While no business is ever completely safe from cyberattacks, there are some best practices you can implement to defend and protect your business:

  • Allocate the appropriate budget and create a formal strategy that aligns with your business objectives and risks. Many manufacturers find investing in IT and cybersecurity cost-prohibitive, and therefore use outdated security and systems to protect their operations. The mix of obsolete technology and weak controls creates the ideal environment for cyber thieves to infiltrate the system undetected. The cost of shutting down production due to a cyberattack can be devastating; therefore, investing in the best possible products for monitoring and defending networks is the most cost-effective solution.
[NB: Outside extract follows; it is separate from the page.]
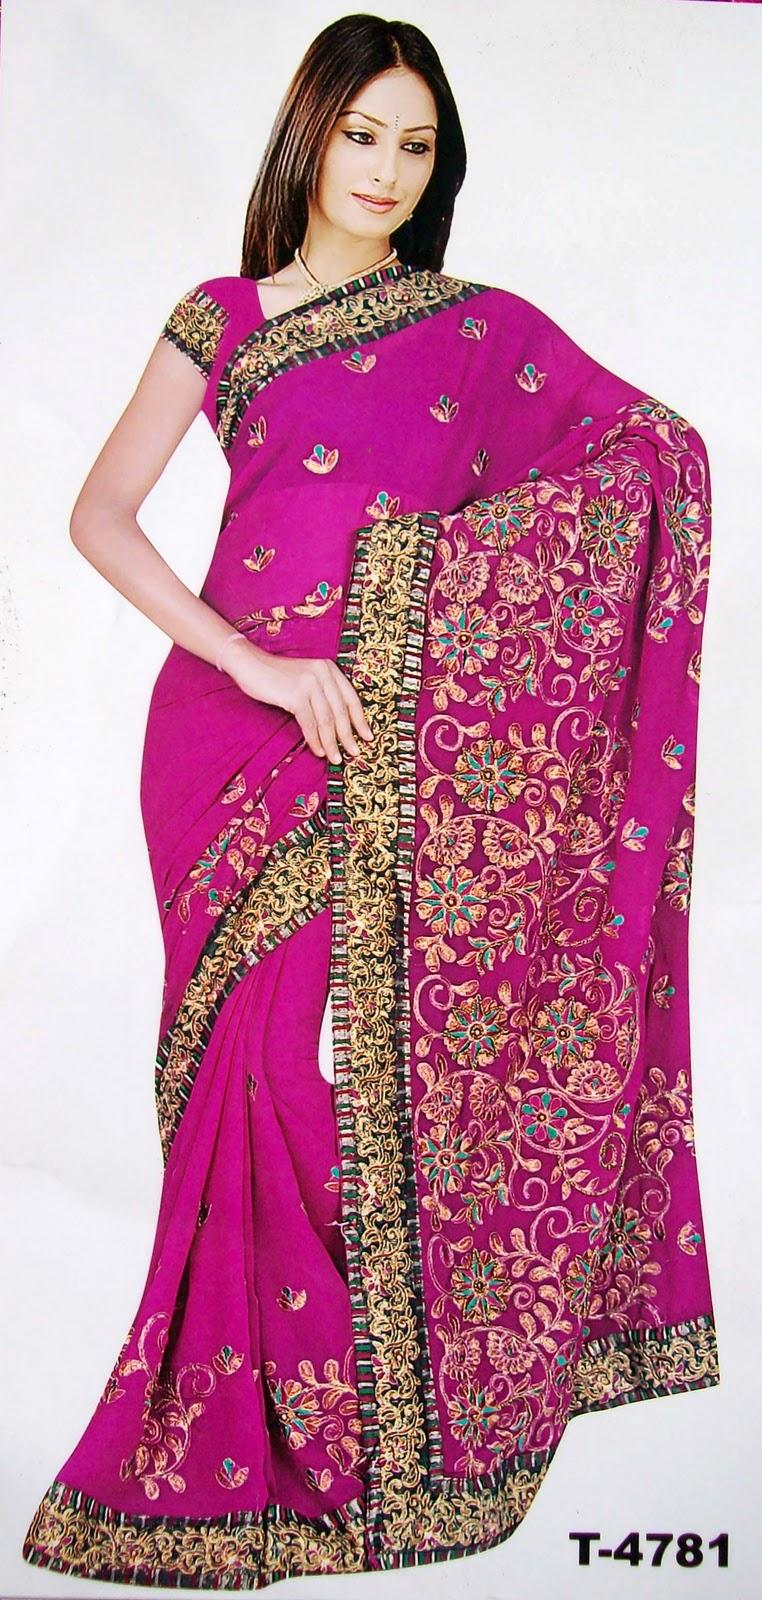 Pink Saree: BOLLYWOOD SARI ROSA SARI INDIAN SAREE DESIGNER SAREE BELLY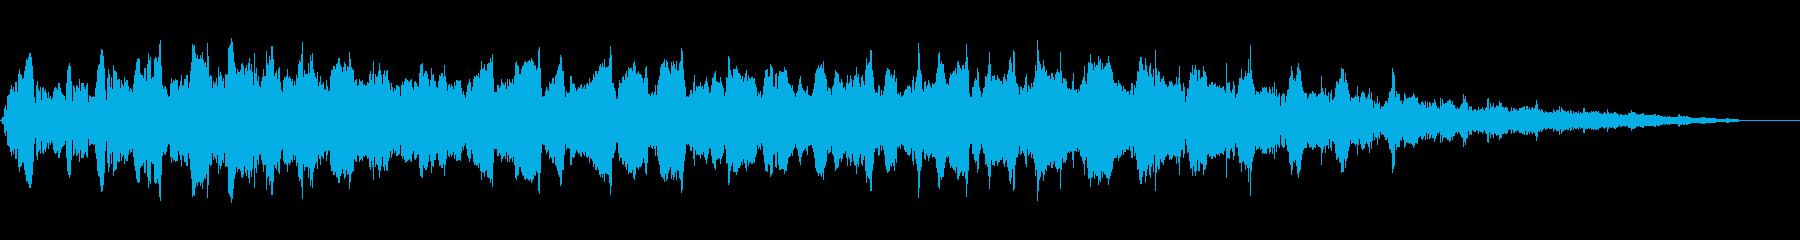 水中スイープアクセントの再生済みの波形

  • Evaluate your vendors and products and eliminate those that may be causing unnecessary complexities. Unnecessary complexities create convoluted systems that are more difficult to monitor, making a cyberattack more likely to go unnoticed. Consider cleaning up your systems and simplifying processes.
  • Have a written plan that focuses on preparedness, response, and recovery. Having a document that covers the basics of a cyberattack and your response plan will help the business get up and running more efficiently. Consider things like data loss, communication, and loss of manufacturing and operational systems and include a clear and distinct plan for how to address these issues.
  • Foster an environment that supports and encourages your IT and operations team to work together to identify threats and implement comprehensive strategies to strengthen areas of risk. The complex nature of manufacturing makes it difficult to understand the ins and outs of the business. Having the departments work together to think like a hacker and map out areas of potential cyber risk is critical for identifying and addressing security pitfalls.
  • Proactively employ cybersecurity professionals to help you mitigate risks and implement the right safeguards. Technology is continually advancing, and it’s important to have skilled professionals who understand your business and how to best protect it from evolving threats. You should also educate your employees and executive team on common phishing schemes so that they can serve as an additional layer of security in everyday duties.

The recent increase in cyberattacks will inherently lead to more regulations, mandates, and standards in the coming years. While collective attempts to defeat cyber criminals at the national and global levels will undoubtedly help, cybersecurity will remain a looming threat that should be addressed within every business.